Meshulam v. Brill

Order, Supreme Court, New York County (Kristin Booth Glen, J.), entered April 2, 1987, which, upon a grant of reargument and renewal, granted defendant’s motion to dismiss the action for forum non conveniens, unanimously modified, on the law and on the facts and in the exercise of discretion, to deny the motion to dismiss, and except as thus modified, affirmed, with costs and disbursements.

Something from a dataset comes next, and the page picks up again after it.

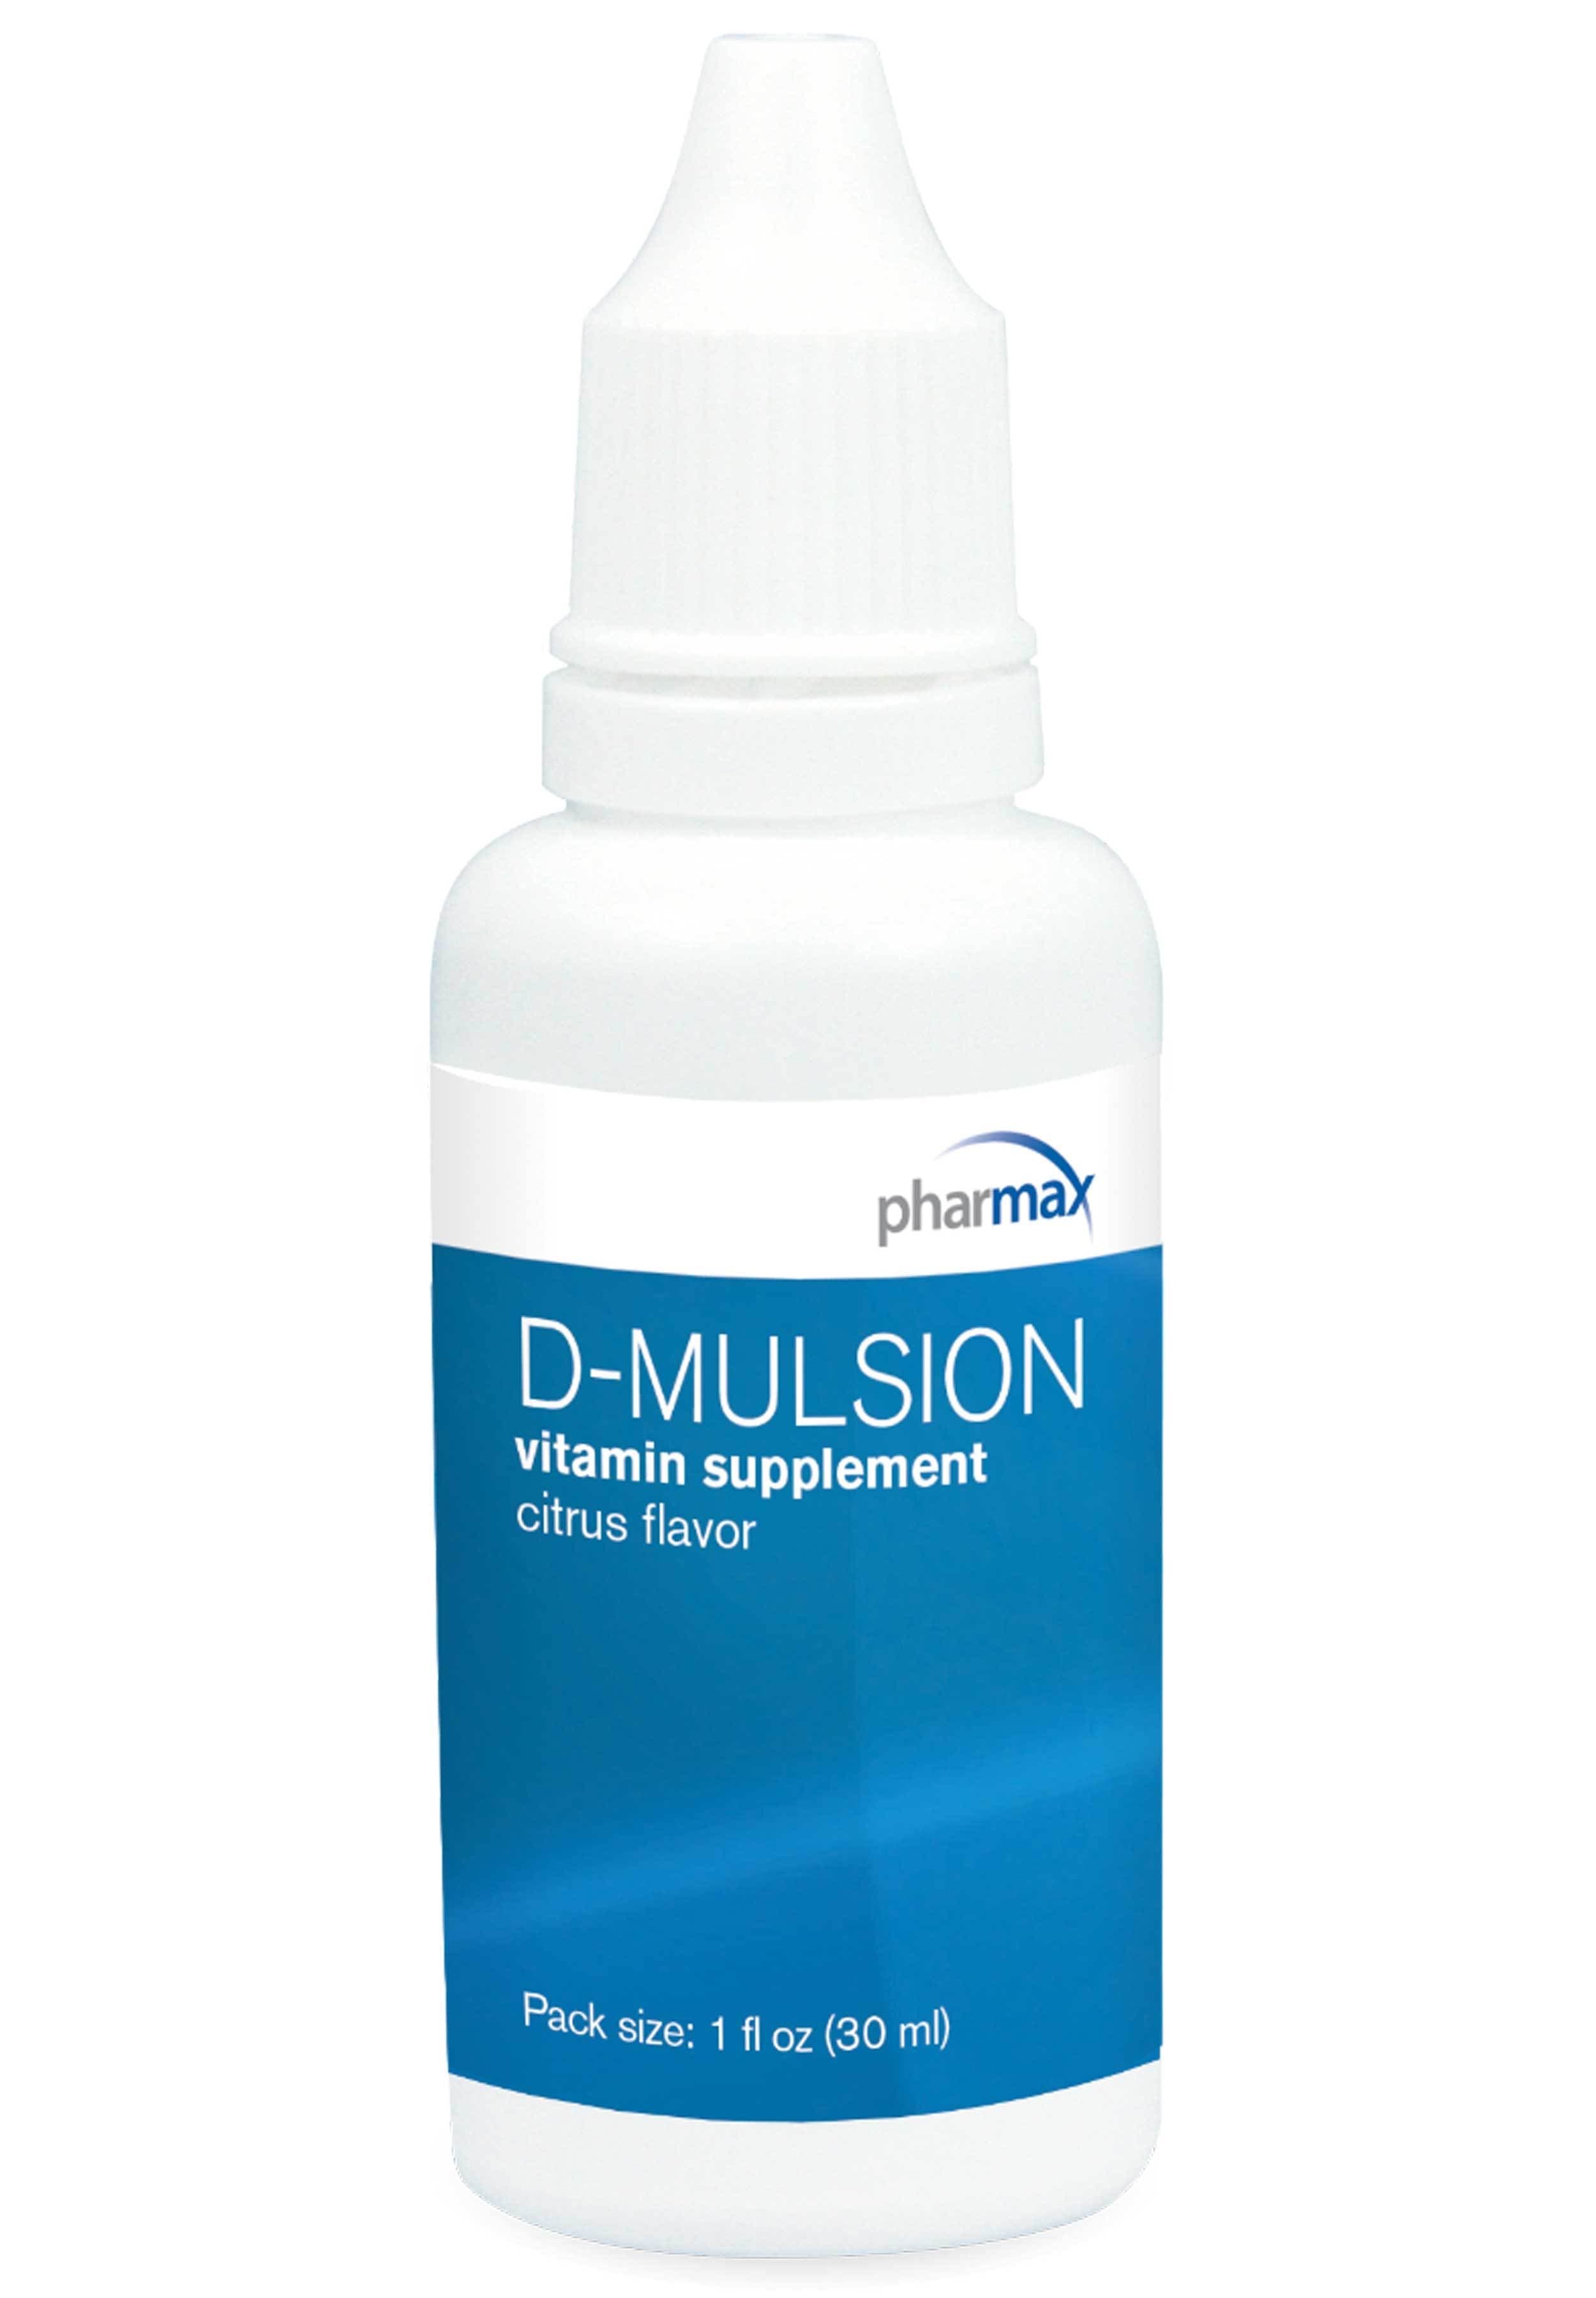 Pharmax D-Mulsion

Plaintiffs, New Jersey residents, were in an automobile stopped in traffic at the New York end of the Lincoln Tunnel, when their car was struck in the rear by an automobile driven by defendant, at the time a Pennsylvania resident. Defendant, who had relocated to Florida after the accident, moved to dismiss the action on the ground that defendant would be inconvenienced and prejudiced by a trial in New York, while plaintiffs would be no more inconvenienced by a trial in Pennsylvania than in New York. Originally the motion was denied, apparently because the court believed that at the time of the accident one of the plaintiffs lived in New York and that a witness to the accident lived in New York. Upon reargument, defendant established that neither of the plaintiffs lived in New York, and that plaintiffs had not offered any proof as to the existence of an available witness who lived in New York. Consequently, upon reargument, the motion was granted.

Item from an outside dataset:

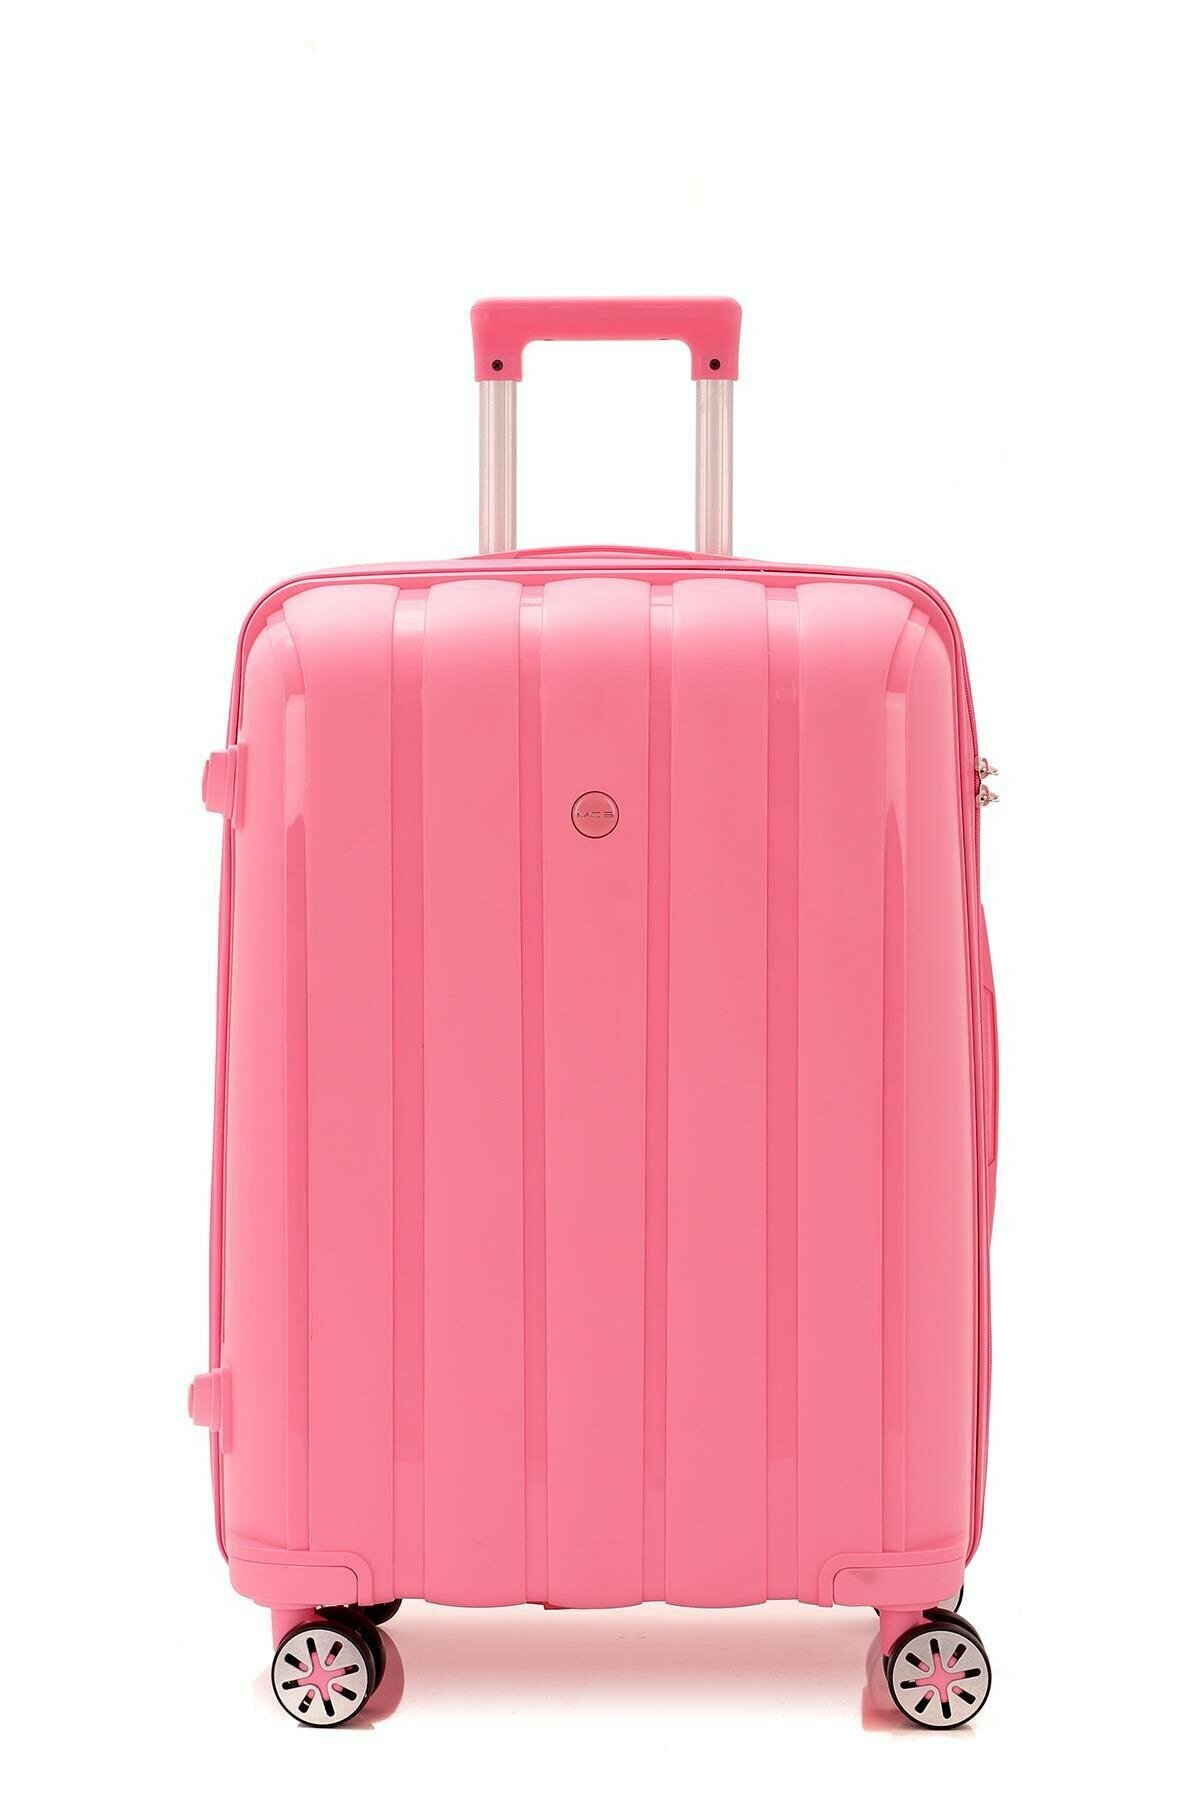 Маленький чемодан для ручьной клади из полипропилена MCS V305 S PINK! Для 8-10 кг! - 1

"The application of the doctrine of forum non conveniens is a matter of discretion to be exercised by the trial court and the Appellate Division.” (Islamic Republic v Pahlavi, 62 NY2d 474, 478.) "The burden rests upon the defendant challenging the forum to demonstrate relevant private or public interest factors which militate against accepting the litigation”. (Supra, at 479, citing cases.) Plaintiffs’ residence in New Jersey and the absence of a New York witness to the accident notwithstanding, defendant has failed in his burden to show that New York is any less convenient a forum than Pennsylvania for either himself or plaintiffs. The accident occurred in New York; its law will no doubt apply to the trial of the action; any police witnesses would be from New York; and the *312treating physicians have offices in New York City. New York thus has a substantial nexus to the accident.

Pennsylvania is no more convenient to any party since none of them presently lives there. Nor does any witness. While we are aware that Pennsylvania and New York are contiguous to New Jersey we also note that Verona, New Jersey, where plaintiffs reside, is decidedly closer to New York County than the nearest part of Pennsylvania. Defendant has not shown that it is any more difficult for him to travel to New York than Pennsylvania.

Consequently, in balancing all the factors, we find that New York is not an inconvenient forum. Concur — Murphy, P. J., Kupferman, Sullivan, Ross and Smith, JJ.